How to complete this task: Would you please restate the data exactly as it stands, apart from the pictures?

--- Collected data ---

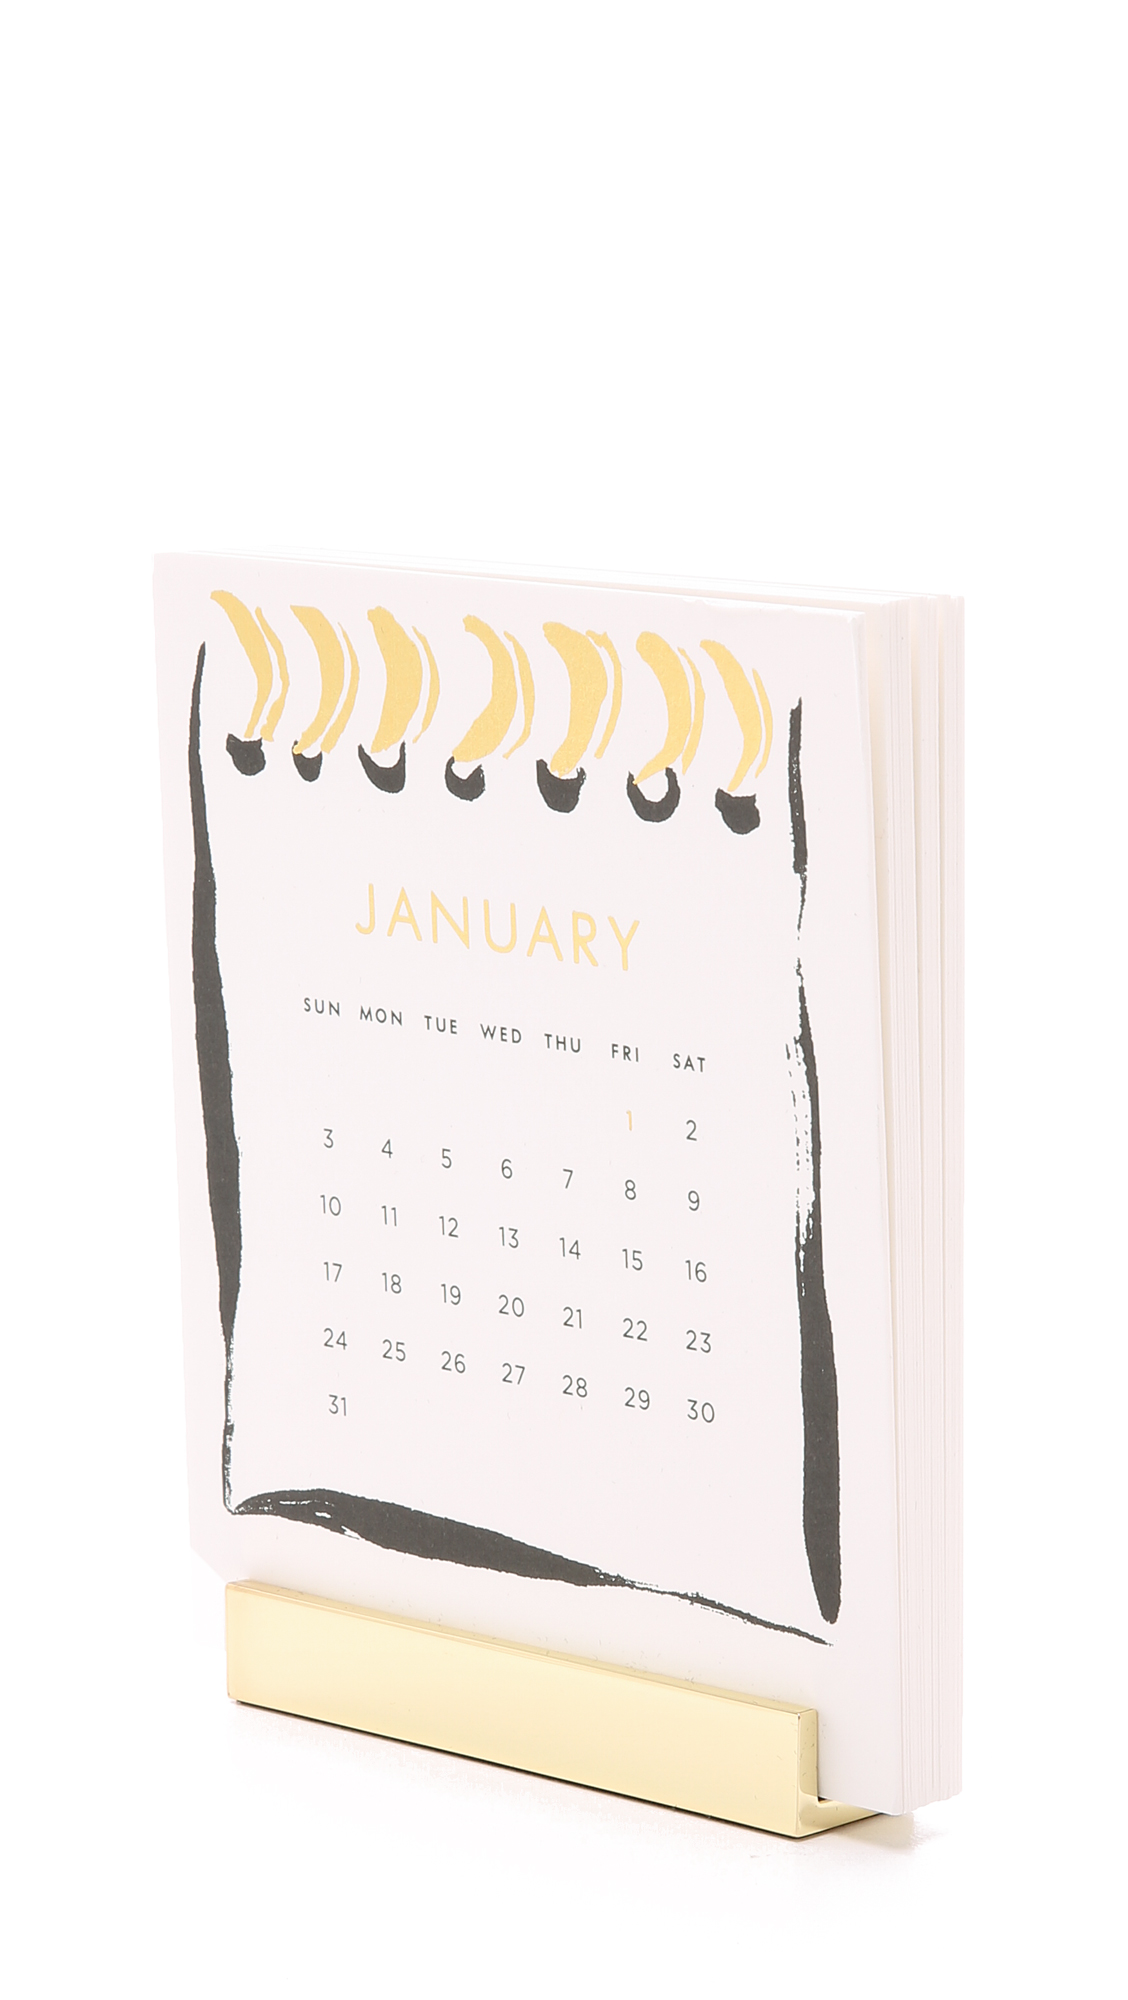 Attirant Kate Spade New York Desktop Calendar | SHOPBOP
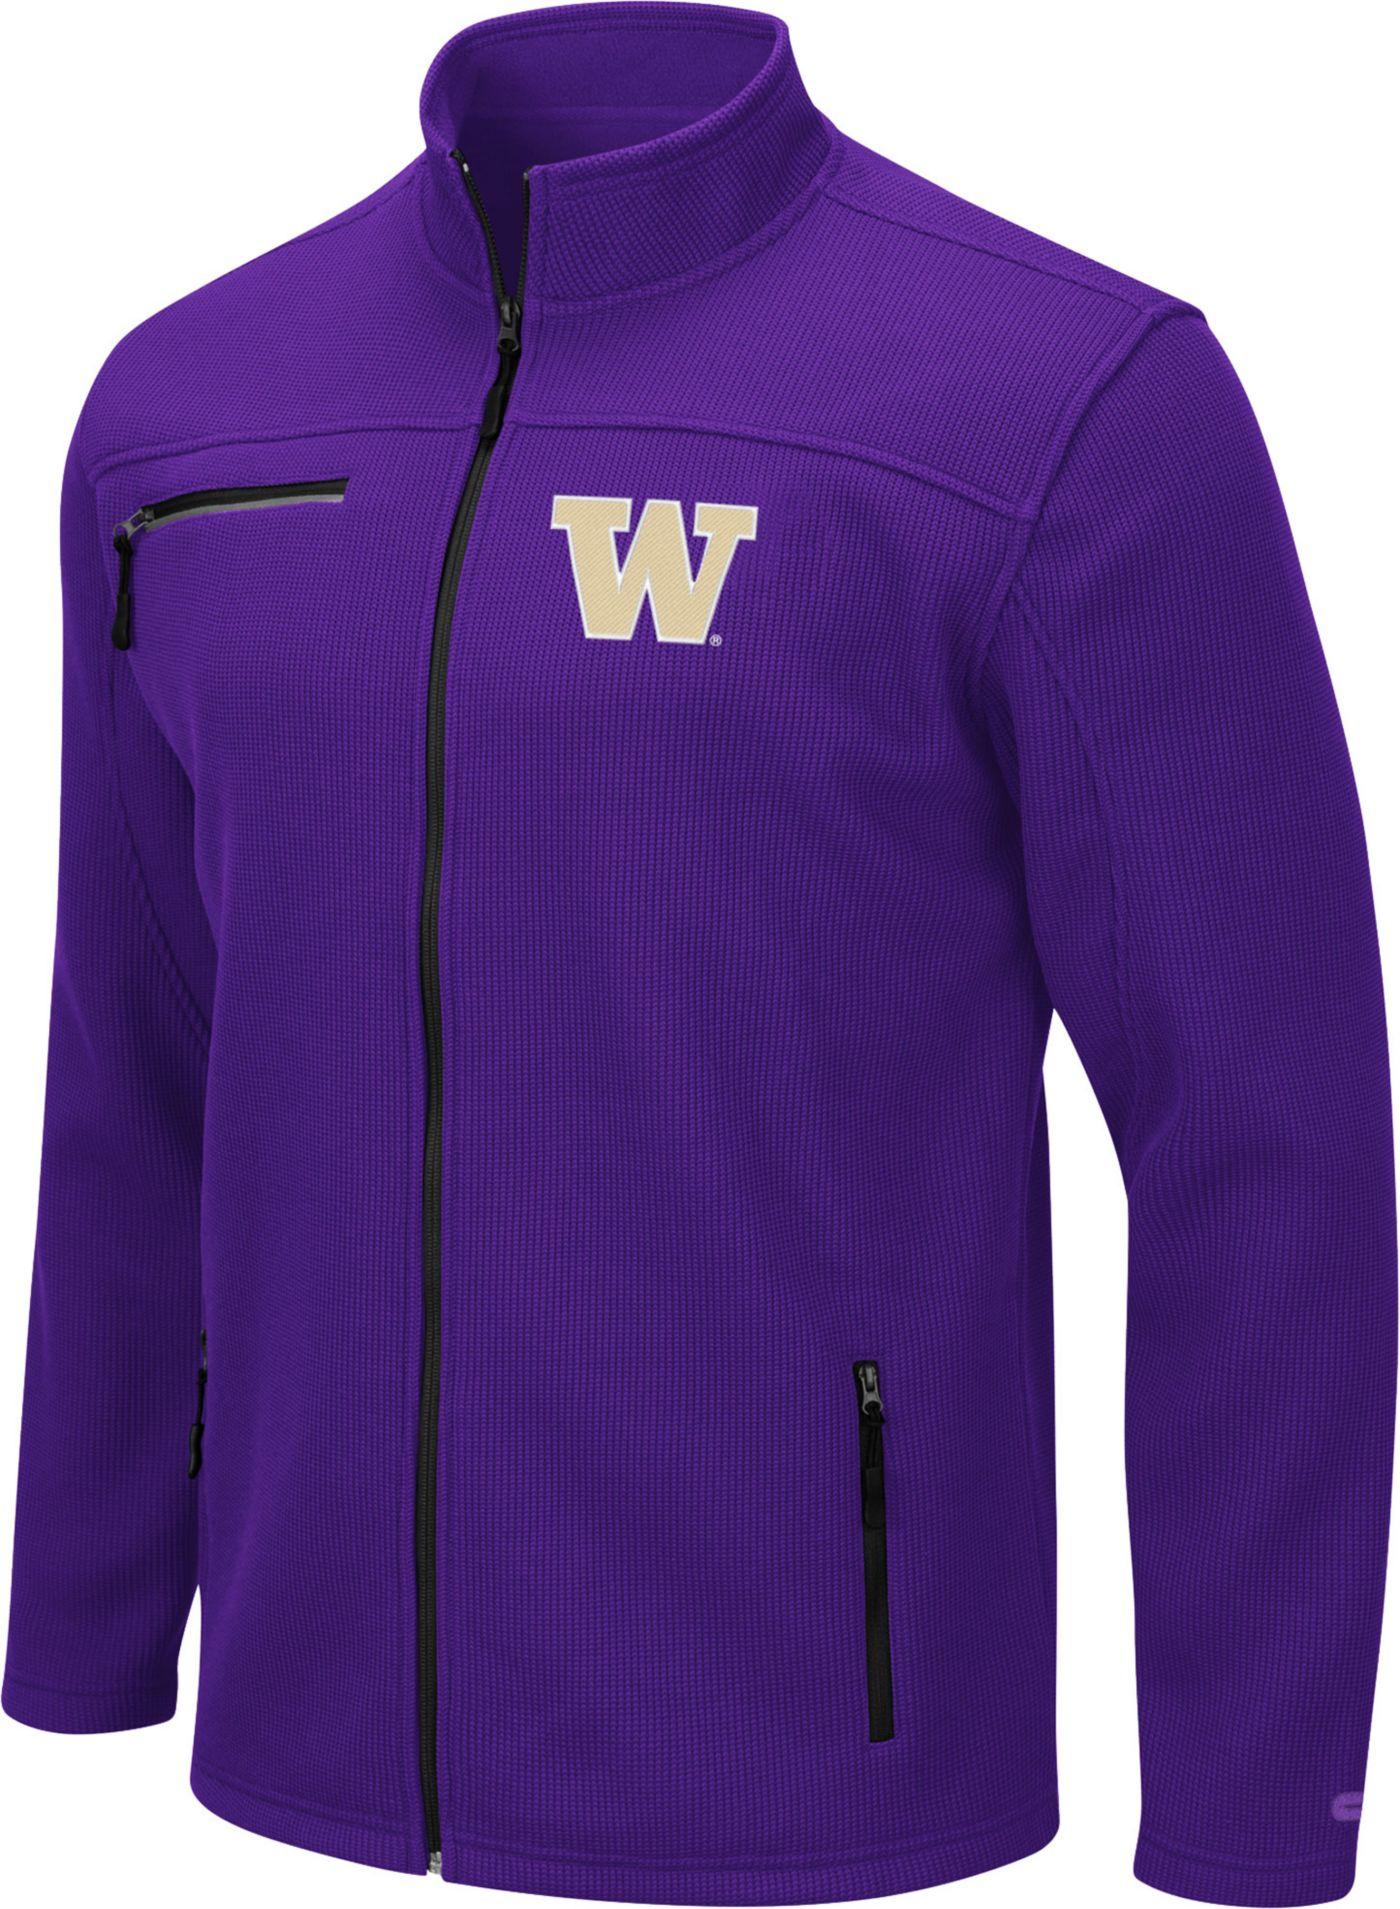 Colosseum Men's Washington Huskies Purple Willie Full-Zip Jacket
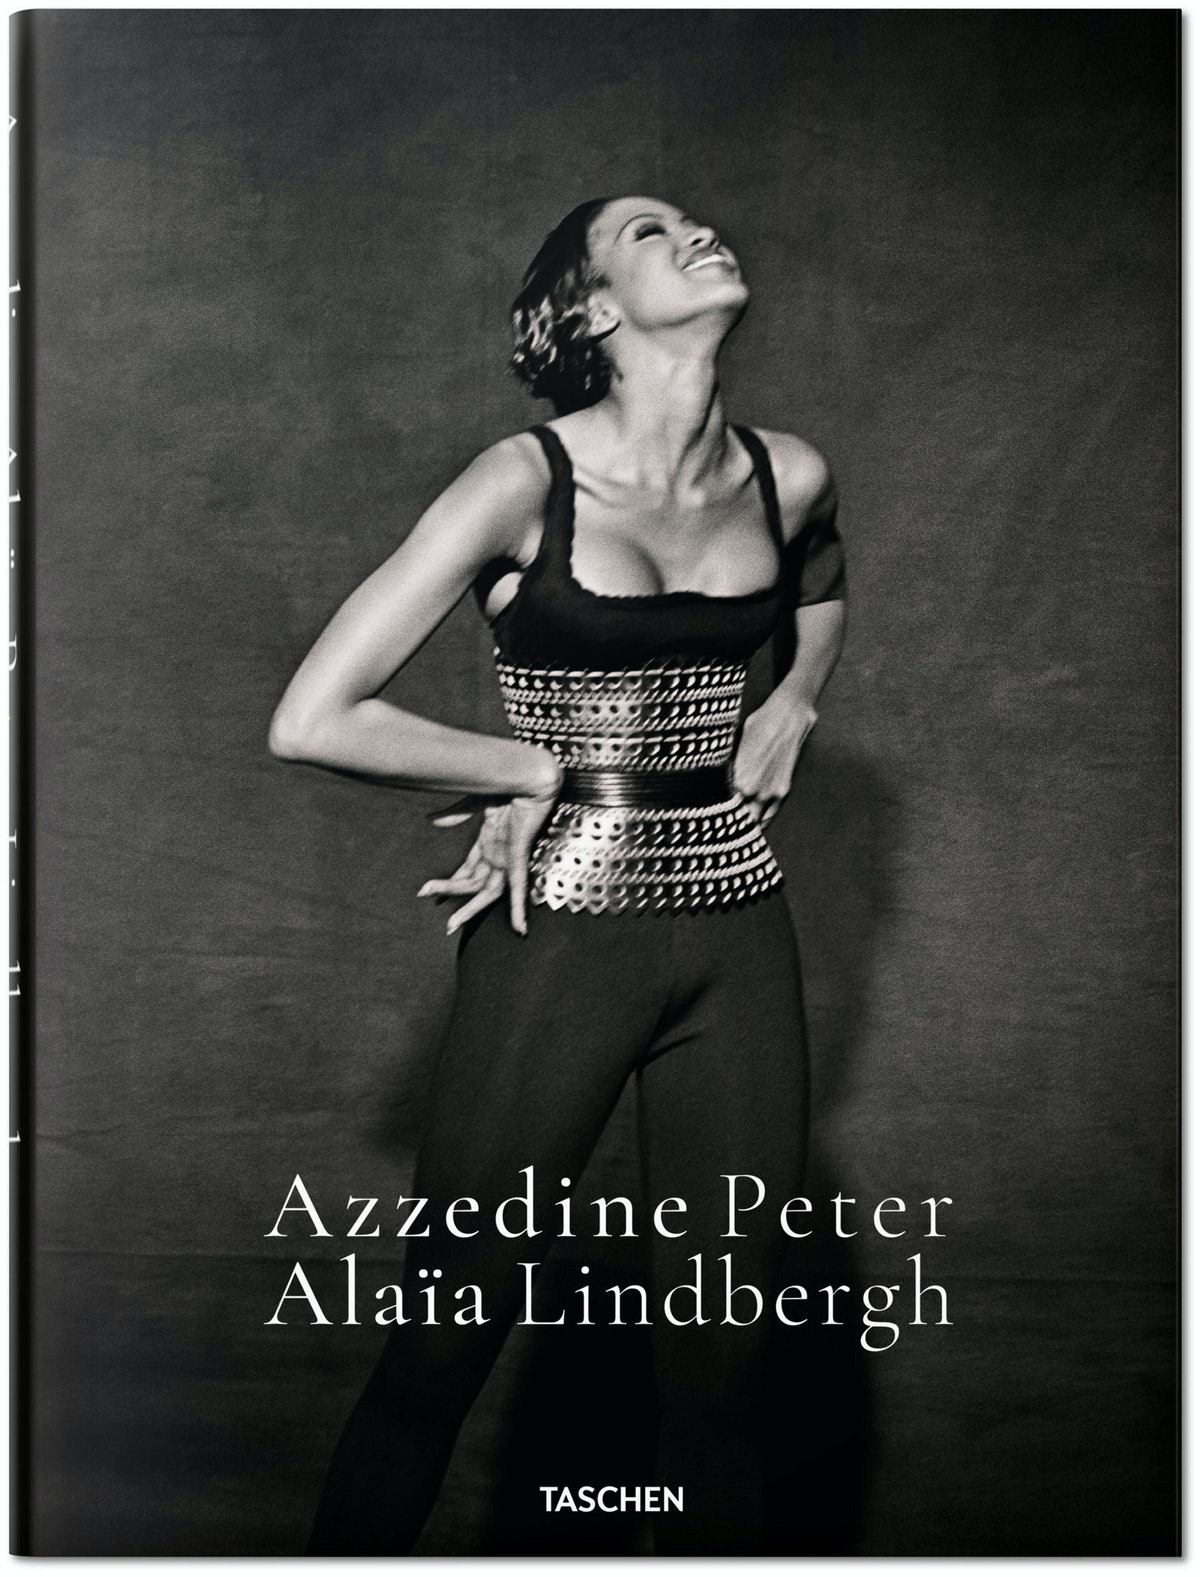 The cover of Peter Lindbergh. Azzedine Alaïa

---

Your response:
 Attirant Kate Spade New York Desktop Calendar | SHOPBOP
 Colosseum Men's Washington Huskies Purple Willie Full-Zip Jacket
 The cover of Peter Lindbergh. Azzedine Alaïa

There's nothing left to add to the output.